Palpites sobre o lance de limpar seu banheiro para abrir sem medo um Mac Book no ônibus

O curioso é que aqueles brasileiros que queixam-se amargamente de limpar o próprio banheiro, elogiam incansavelmente a possibilidade de andar à noite sem medo pelas ruas, sem enxergar a relação entre as duas coisas. Violência social não é fruto de pobreza. Violência social é fruto de desigualdade social. A sociedade holandesa é relativamente pacífica não porque é rica, não porque é “primeiro mundo”, não porque os holandeses tenham alguma superioridade moral, cultural ou genética sobre os brasileiros, mas porque a sociedade deles tem pouca desigualdade. Há uma relação direta entre a classe média holandesa limpar seu próprio banheiro e poder abrir um Mac Book de 1400 euros no ônibus sem medo.
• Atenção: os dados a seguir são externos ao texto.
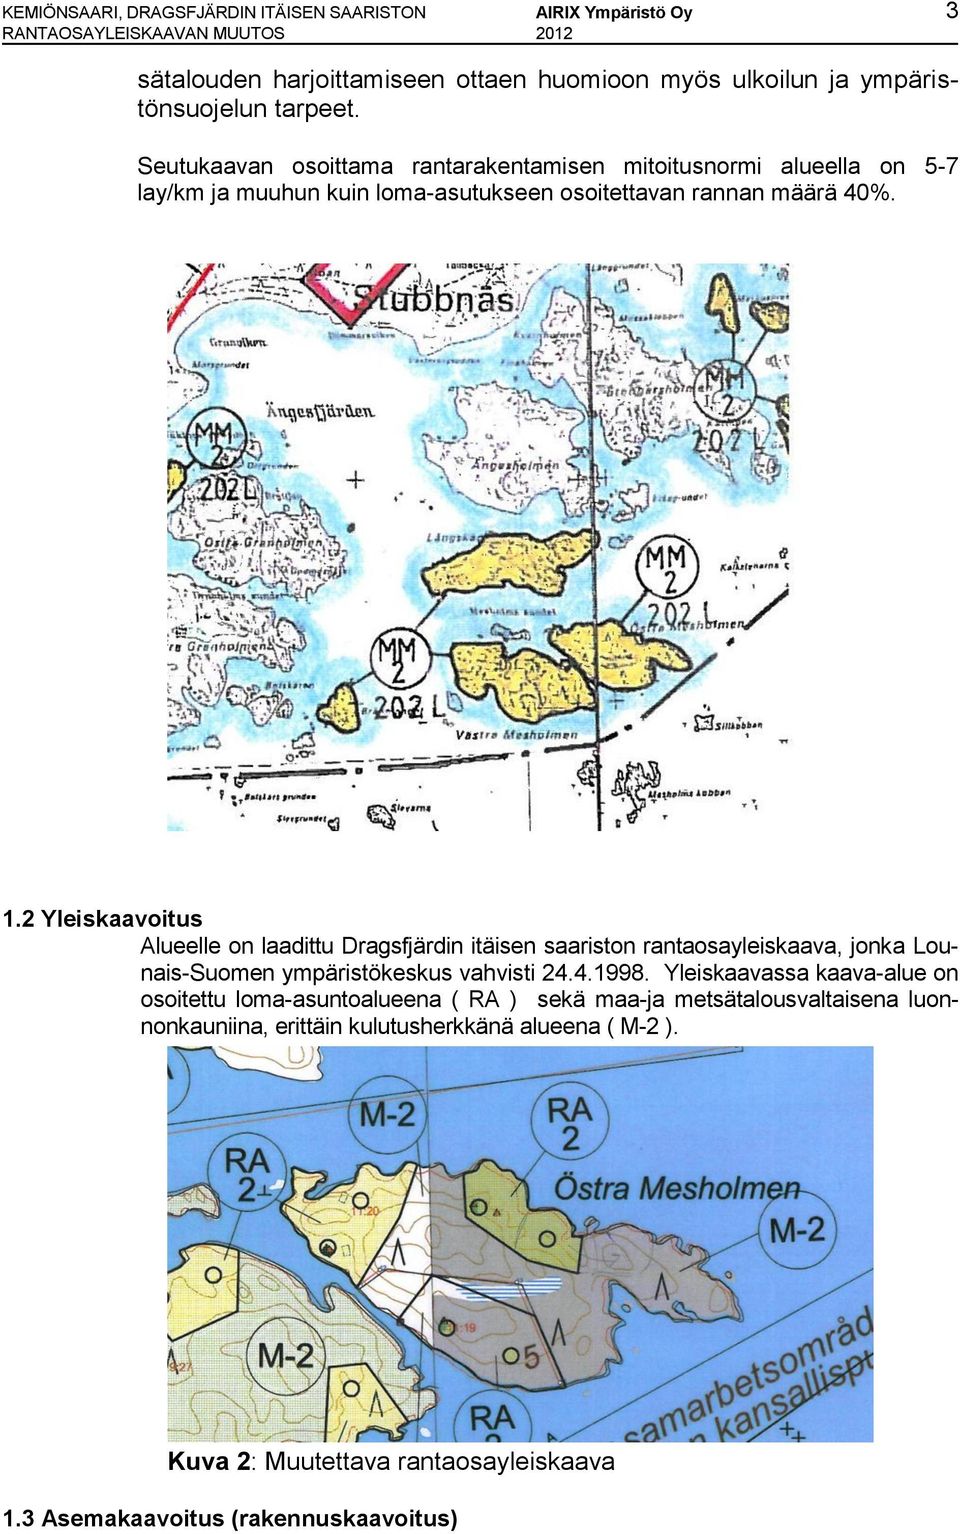 2 Yleiskaavoitus Alueelle on laadittu Dragsfjärdin itäisen saariston rantaosayleiskaava, jonka Lounais-Suomen ympäristökeskus vahvisti 24.4.1998.

Da relação direta entre ter de limpar seu banheiro você mesmo e poder abrir sem medo um Mac Book no ônibus (clique e leia!)
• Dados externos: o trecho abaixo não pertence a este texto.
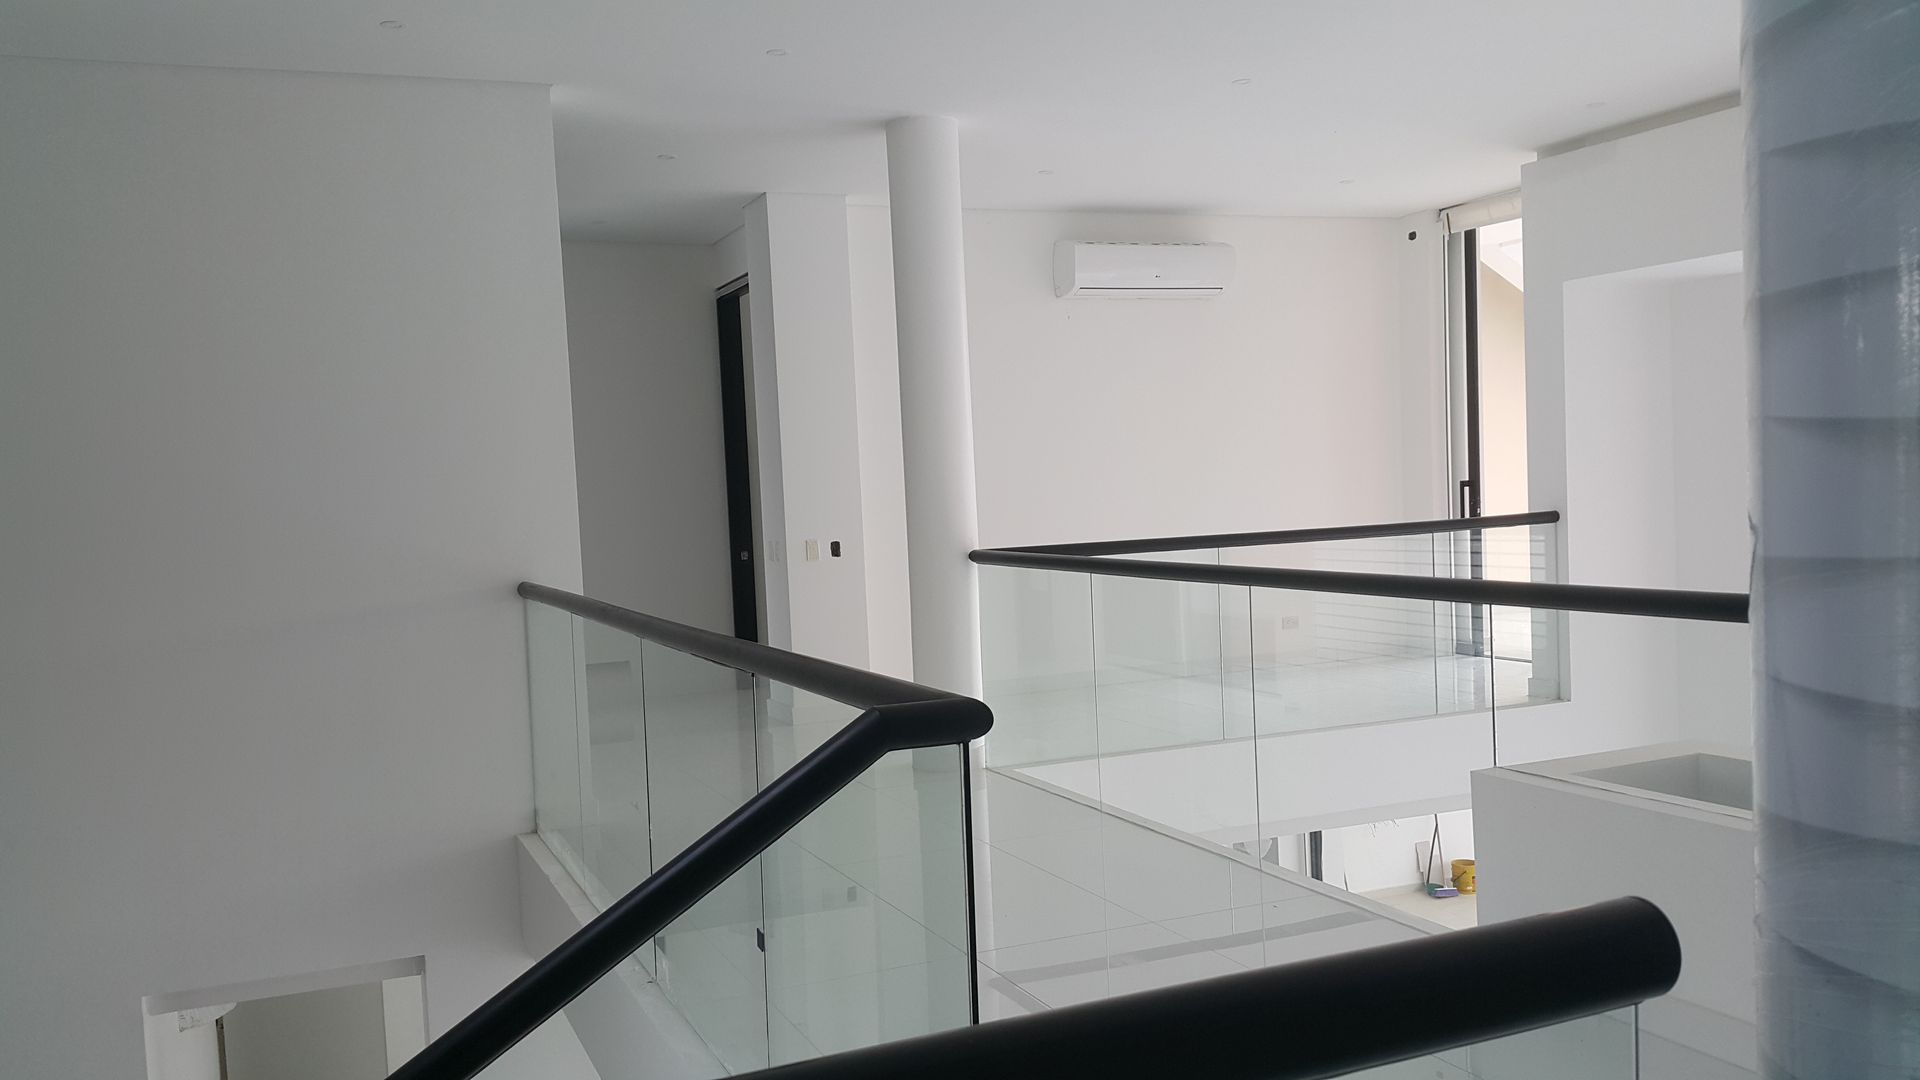 Puente comunicación segundo piso. homify Pasillos, vestíbulos y escaleras de estilo moderno Concreto Accesorios y decoración

Ano passado ficamos sem empregada e falei pra mim mesmo. “Acabou. Chegou a hora, não vamos conseguir encontrar outra e vou ter que limpar chão e banheiro.” Não tenho nada contra essas tarefas, fora da preguiça e de preferir gastar esse tempo salvando o universo de alguma ameaça gigante no videogame. Afinal de contas sou um cara movido a prioridades.

No fim conseguimos a empregada, ela vai todos os dias, tratamos e pagamos ela bem mas eu concordo que é louco esse pessoal que acha que o Brasil um dia vai virar primeiro mundo mas continuaremos tendo empregadas que fazem tudo durante o dia (ao contrário de cozinheiras, lavadeiras, etc.) e babás-vestidas-de-branco cuidando de seus lindos filhos. Essas pessoas não querem que o Brasil vire primeiro mundo. Elas querem que elas virem primeiro mundo. A conta não fecha, galera.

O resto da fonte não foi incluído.